Results of initial microsatellite marker screening in two populations of Cratylia mollis and cross-amplification in other species.

	C. mollis											Cross-amplification and transferability
	CMPOP_1 (N = 24)					CMPOP_2 (N = 25)					CMPOP_2 (seeds) (N = 20)	C. argentea (N = 9)	Cross-amplification
Locus	A	Ho	He	PIC	P (HWE)	A	Ho	He	PIC	P (HWE)	A	A	C. bahiensis (N = 2)	C. hypargyrea (N = 2)	C. intermedia (N = 2)
CM_1	1	—	—	—	—	3	0.176	0.420	0.377	0.580	2	no	no	no	yes
CM_4	1	—	—	—	—	1	—	—	—	—	2	2	yes	no	yes
CM_5	5	0.458	0.671	0.629	0.317	3	0.042	0.515	0.403	0.919	3	1	yes	no	yes
CM_6	1	—	—	—	—	1	—	—	—	—	1	1	yes	yes	yes
CM_7	1	—	—	—	—	5	0.542	0.603	0.552	0.102	1	2	no	no	no
CM_8	8	0.261	0.526	0.507	0.504	5	0.500	0.548	0.518	0.087	3	3	yes	no	yes
CM_9	1	—	—	—	—	1	—	—	—	—	1	2	yes	no	yes
CM_10	3	0.368	0.481	0.406	0.233	1	—	—	—	—	2	no	no	no	yes
CM_11	9	0.450	0.836	0.817	0.462	11	0.261	0.883	0.870	0.704	10	3	yes	no	yes
CM_15	1	—	—	—	—	5	0.040	0.498	0.462	0.920	2	4	yes	no	yes
CM_18	2	0.545	0.496	0.373	−0.100*	3	0.458	0.478	0.410	0.042	1	2	no	no	yes
CM_19	1	—	—	—	—	1	—	—	—	—	1	3	no	no	yes
CM_20	1	—	—	—	—	3	0.250	0.226	0.212	−0.108*	3	2	yes	yes	yes
CM_21	4	0.792	0.601	0.524	−0.318*	8	0.458	0.666	0.644	0.312	5	2	yes	no	yes
CM_22	1	—	—	—	—	1	—	—	—	—	4	2	yes	no	no
CM_23	1	—	—	—	—	1	—	—	—	—	1	3	yes	no	yes
CM_25	1	—	—	—	—	1	—	—	—	—	3	no	no	no	no
CM_27	n/a	—	—	—	—	n/a	—	—	—	—	5	1	no	no	no
CM_31	1	—	—	—	—	1	—	—	—	—	1	1	yes	no	yes

Note: — = value not calculated; A = number of alleles; He = expected heterozygosity; Ho = observed heterozygosity; HWE = Hardy–Weinberg equilibrium; N = number of individuals; n/a = no amplification; PIC = polymorphism information content.
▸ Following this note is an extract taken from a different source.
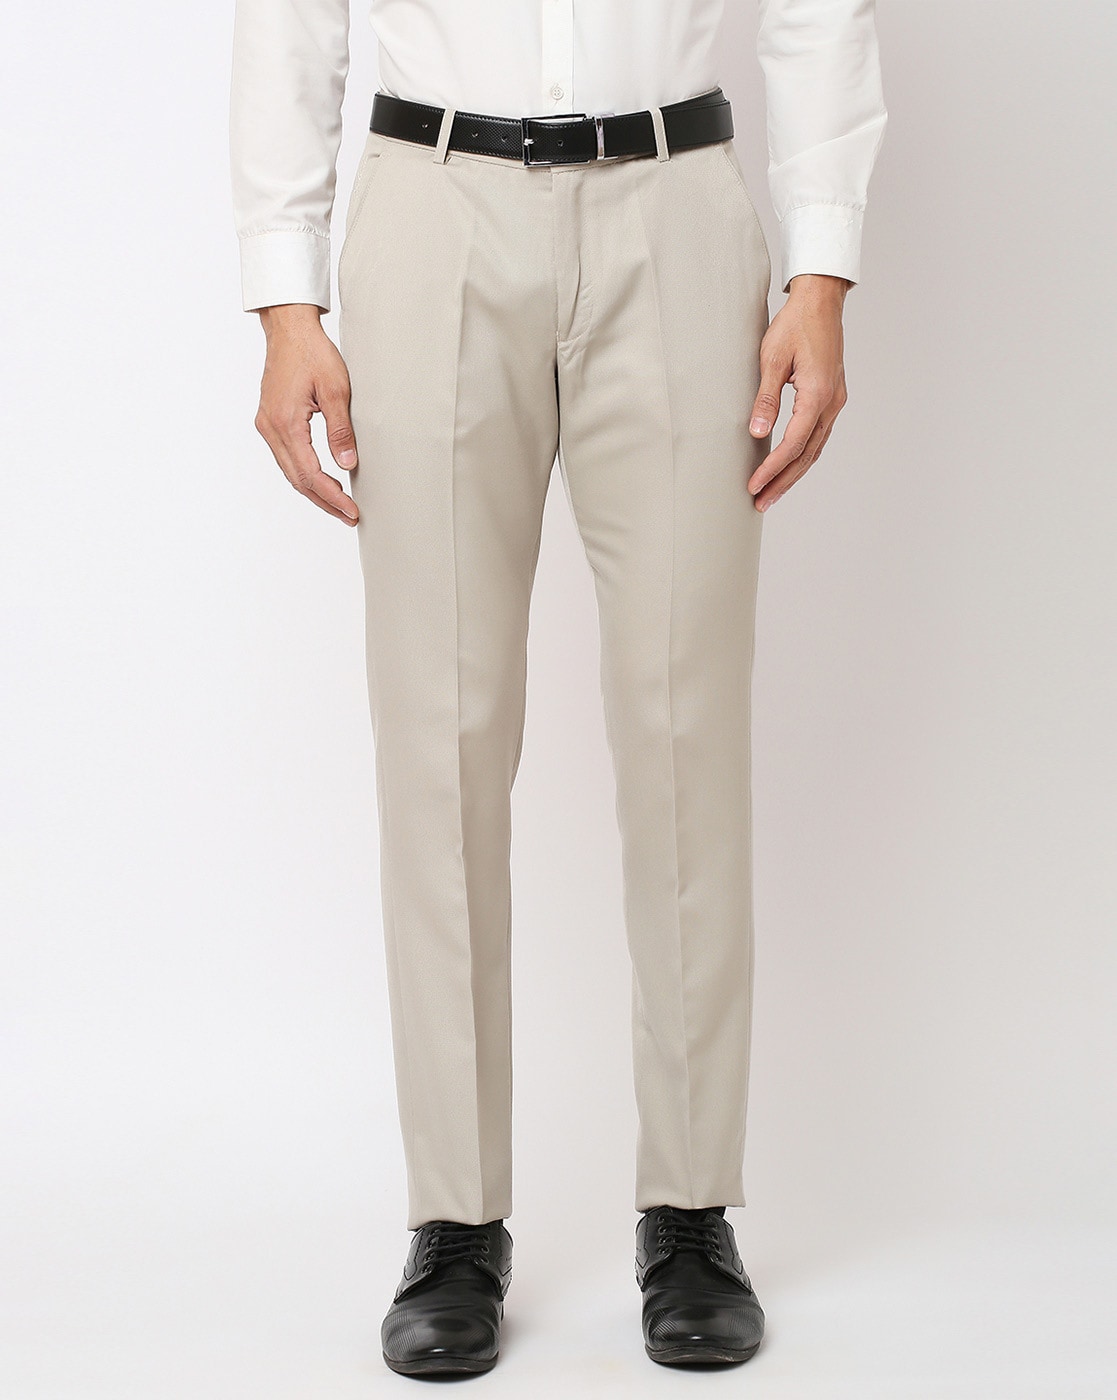 Beige Herringbone Tailored Linen Italian Suit Trousers  1913 Collection   Hawes and Curtis

* Significant values (P < 0.01).

This heterozygote deficiency could reflect patterns of the population distribution and reproductive biology of C. mollis. This species presents a facultative breeding system, and experimental tests showed similar success in allogamous and autogamous crosses (Queiroz et al., 1997). It is pollinated by the carpenter bees Xylocopa grisescens Lepeletier and X. cearensis Ducke, which visit flowers that are simultaneously open in the same inflorescence before moving to other inflorescences, thus promoting geitonogamous crosses (L. P. Queiroz, unpublished observations). In addition, the species forms patchy populations on sandy soils (L. P. Queiroz, personal communication), which together with the pollinator behavior favors autogamy and low heterozygosity.

CONCLUSIONS

This is the first report of microsatellite markers in C. mollis and the genus as a whole. The observed polymorphism in 12 of 19 microsatellite loci in C. mollis, their successful cross-amplification in C. intermedia and C. bahiensis, and their transferability to C. argentea indicate promising applications for the study of genetic diversity and structure, gene flow, and mating system in the species. These studies can be followed by comparative studies to understand the mechanisms involved in population divergence and speciation in this neotropical genus.